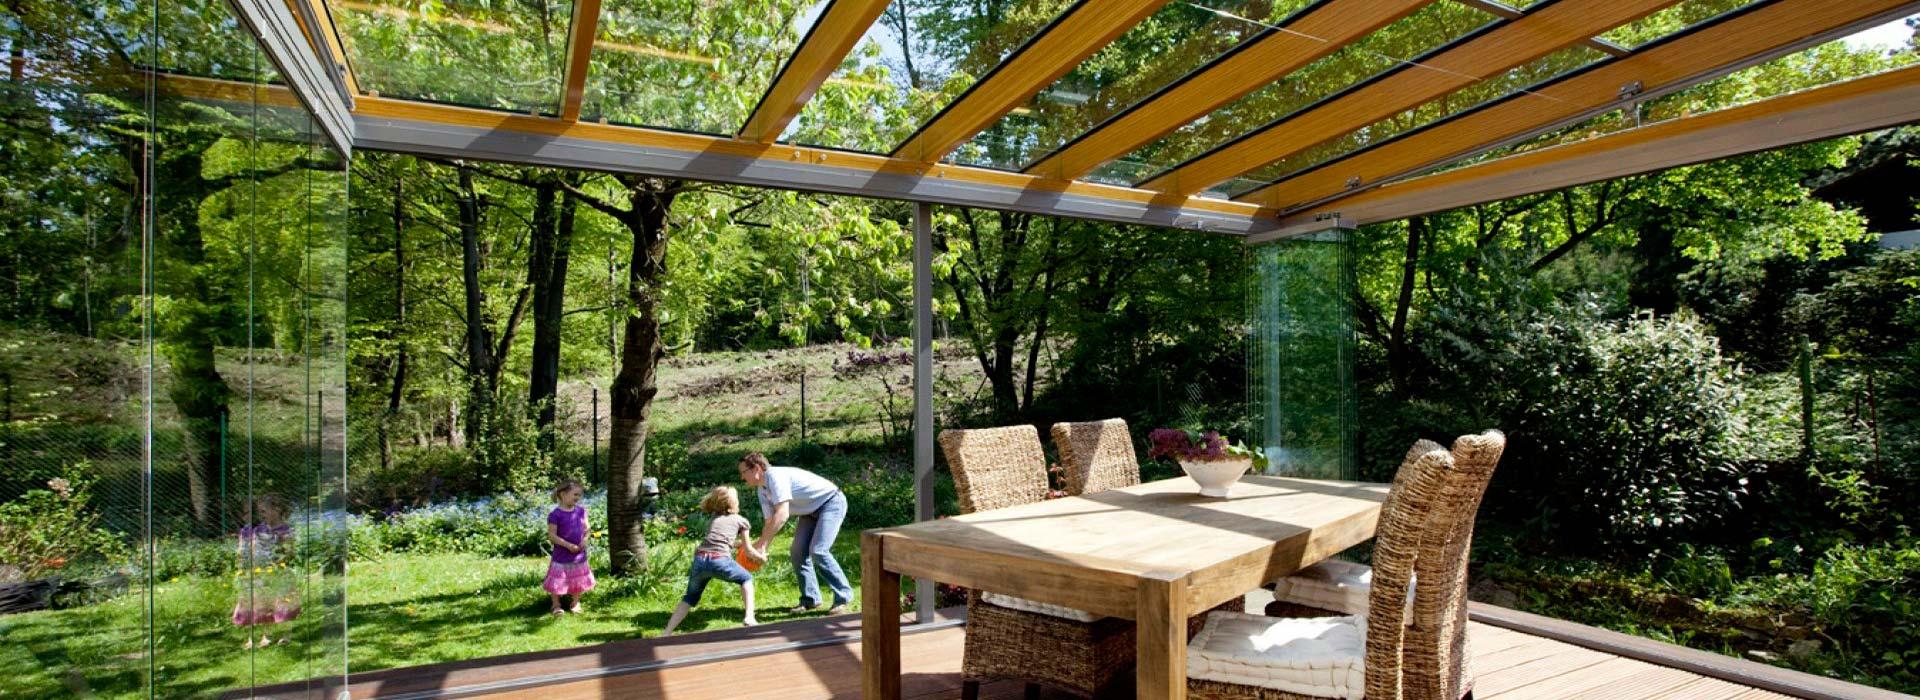 wintergarten stuttgart, terrassenüberdachung - terrassendach - holz - glashaus rehm, Design ideen
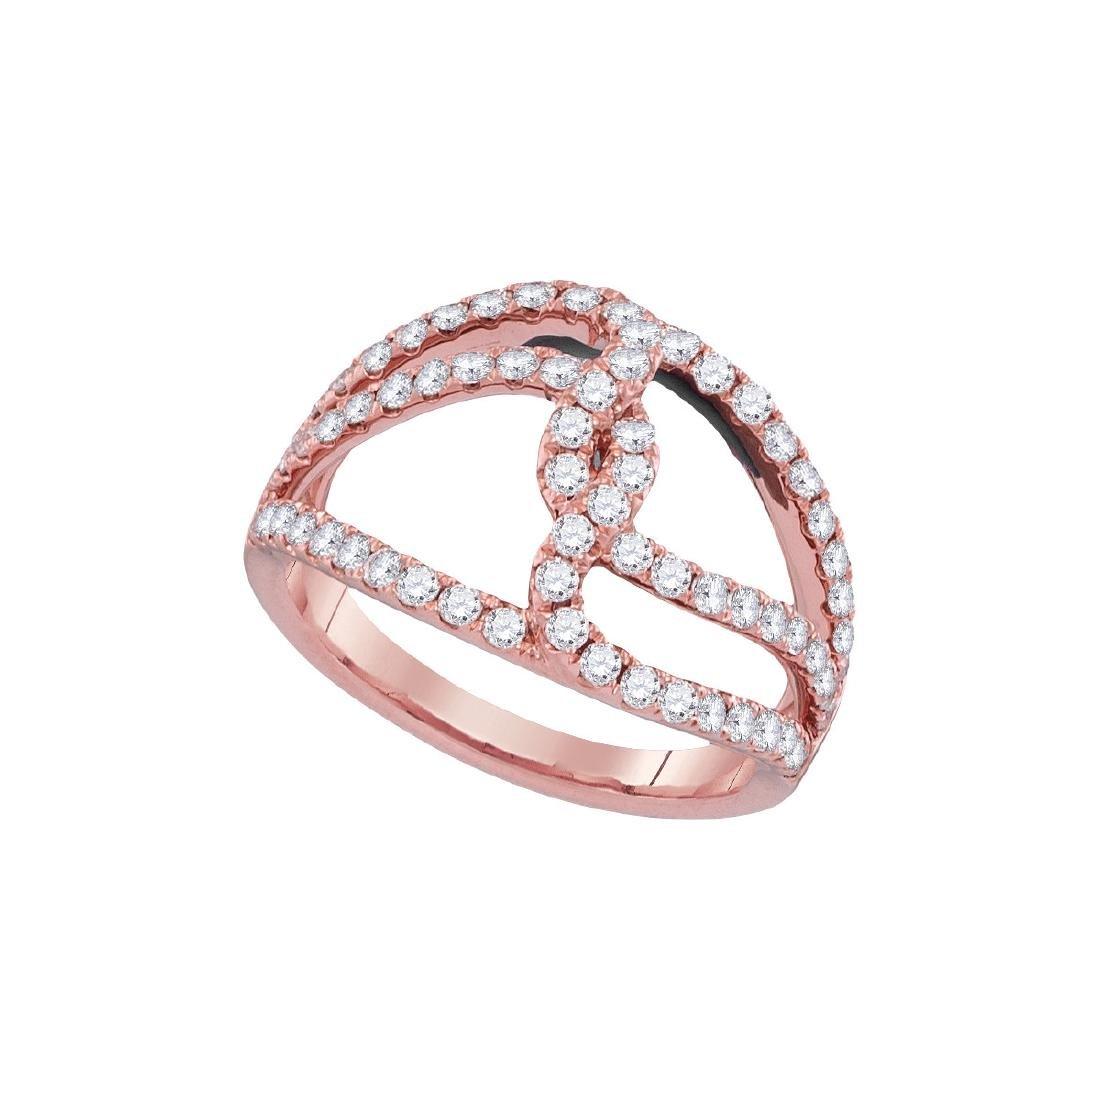 0.83 CTW Diamond Open Woven Strand Ring 18KT Rose Gold
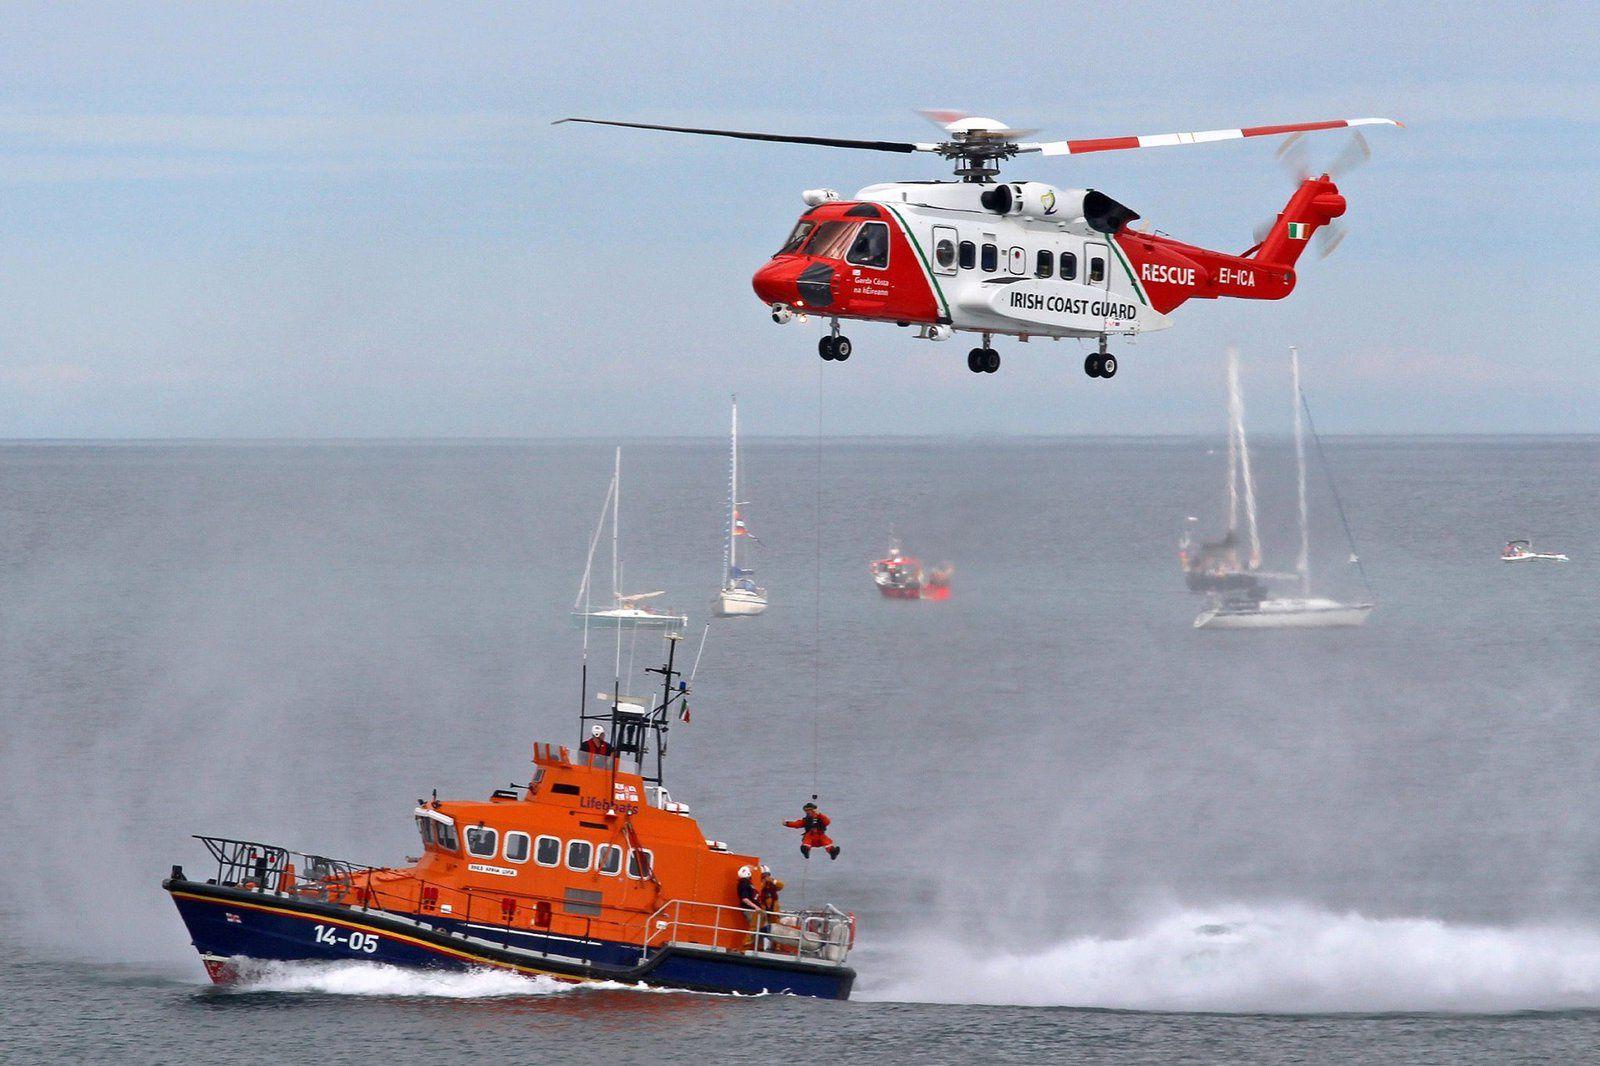 Un hélicoptère S-92 des Gardes-Côtes irlandais s'est abîmé dans l'océan Atlantique nord

+---+

TASK PROMPT ▸ The complete material, set down exactly and stripped of pictures, is the expected response.

EXERCISE OUTPUT ▸
 wintergarten stuttgart, terrassenüberdachung - terrassendach - holz - glashaus rehm, Design ideen
 0.83 CTW Diamond Open Woven Strand Ring 18KT Rose Gold
 Un hélicoptère S-92 des Gardes-Côtes irlandais s'est abîmé dans l'océan Atlantique nord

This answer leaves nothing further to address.